Hi, Just replaced a perfectly good battery and found out the battery wasn't bad but I have a parasitic draw to hunt down.

I didn't even know what a parasitic draw was prior to today, but with a little research and a few youtube videos I was able to determine that my alternator was good and I had a parasitic draw.

I checked all the fuses and identified fuse 38 "audio" (have bose without nav murano) and the culprit. With multimeter there was a 2.25 amp draw until #38 was removed, then it dropped down to .47 amp. Based on one of the videos I watch it is my understanding that anything under .5 is ok.

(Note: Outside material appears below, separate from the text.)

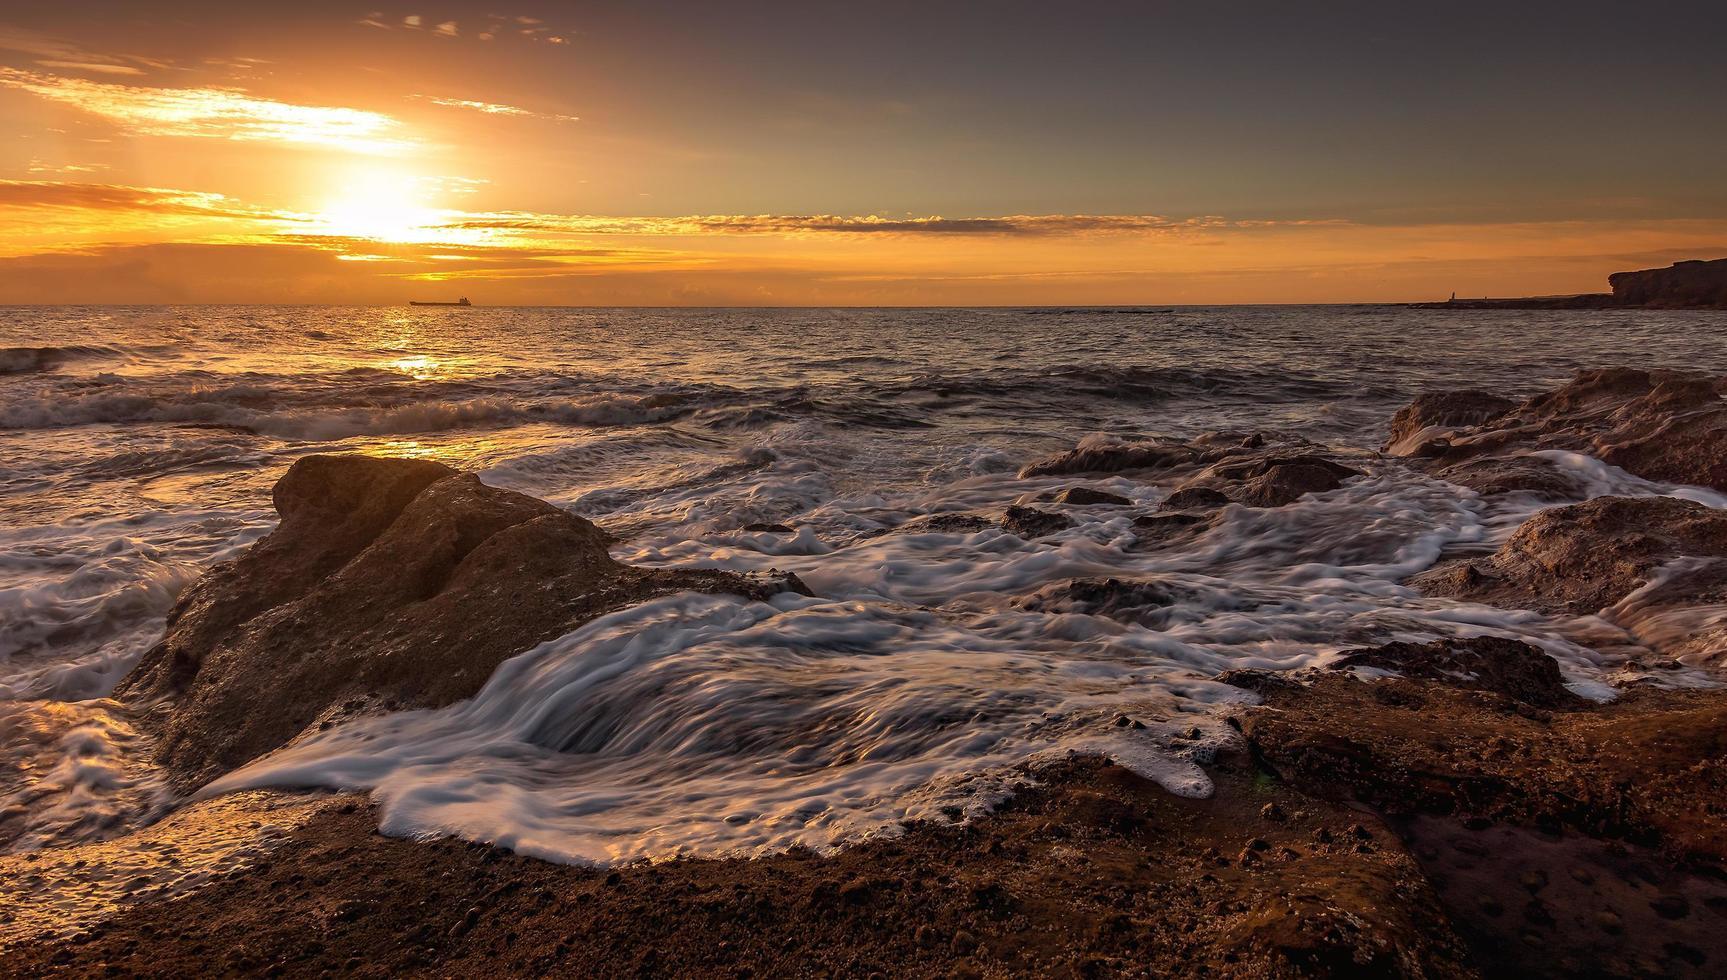 vågor kraschar på stranden under solnedgången foto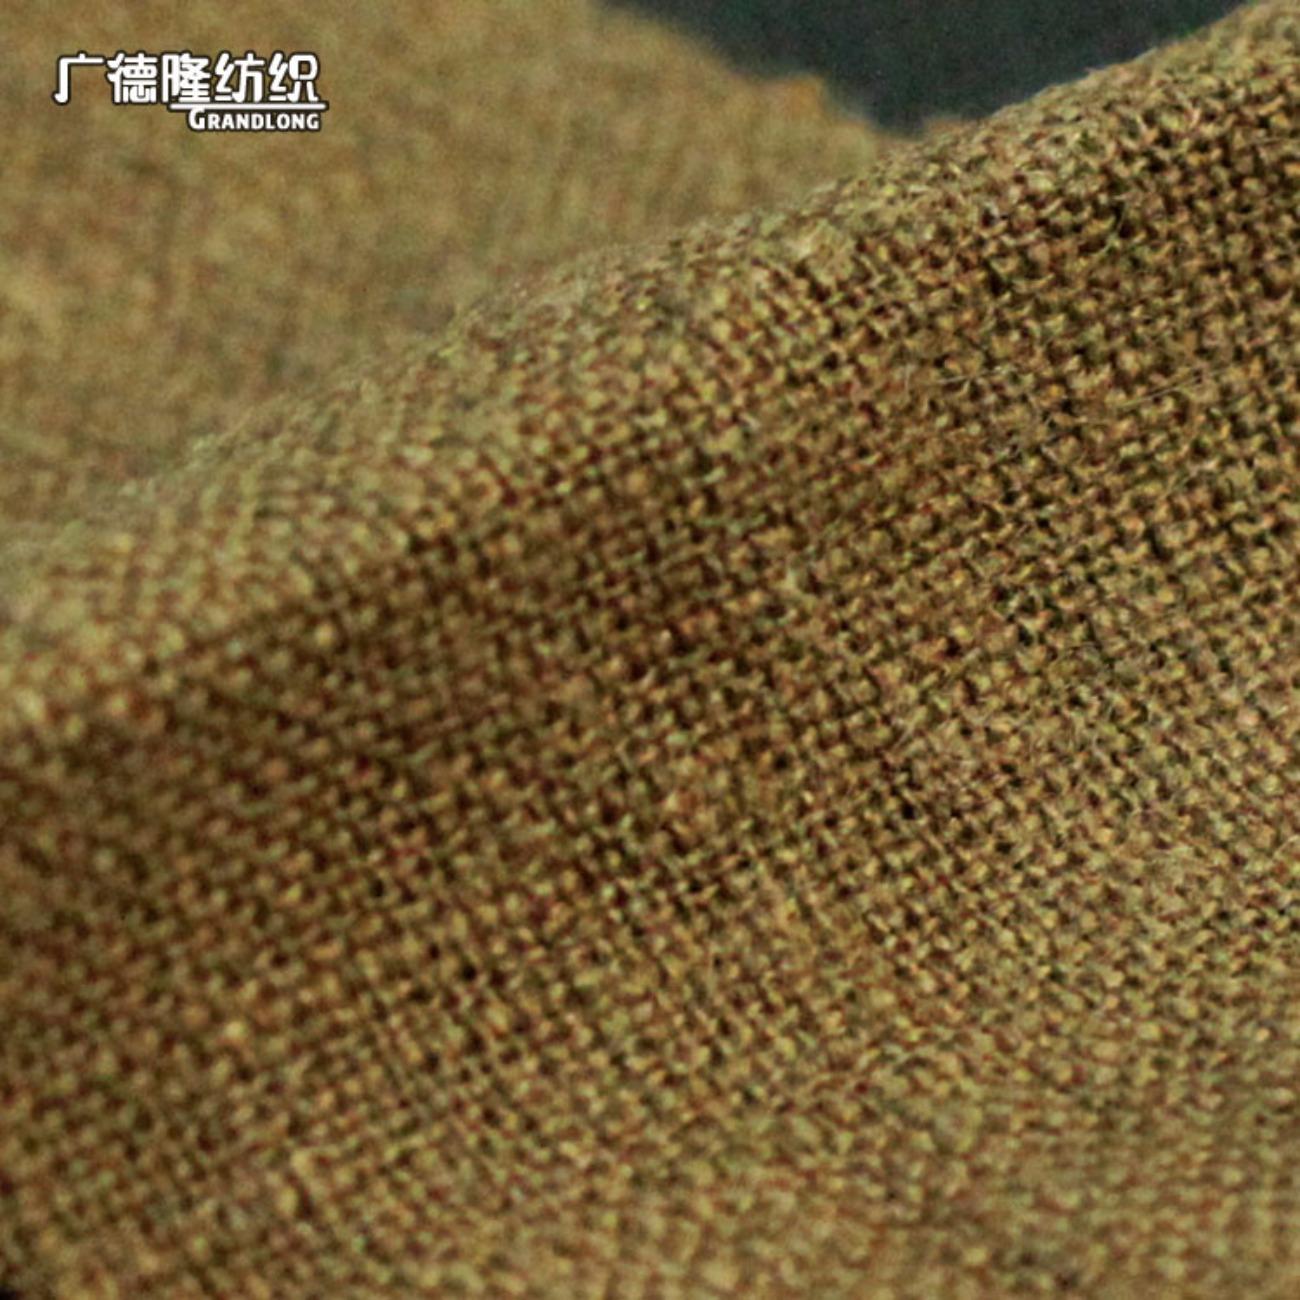 广德隆MAB153 纯色亚麻棉混纺面料 时尚家庭装饰桌布台布套罩坐垫靠枕手袋 裙子裤子上衣衬衫外套箱包鞋子帽子

So I identified the problem and associated Circuit but now I am stuck. Looking at the wiring diagram from the service manual but it is very confusing.

If anyone can give me some next step or hints I would appreciate it. Is it most likely some type of relay problem?


----------



## jonhirschman (Jul 27, 2014)

Checked everything on the circuit. I seems to be the radio (not the amp or the subwoofer). Unplugged everything and as soon as I plugged in just the radio (connector m44 I think) without amp or subwoofer connected the draw increased again. Ordered a new (used radio) from a salvage yard. Hopefully that will do the trick.


----------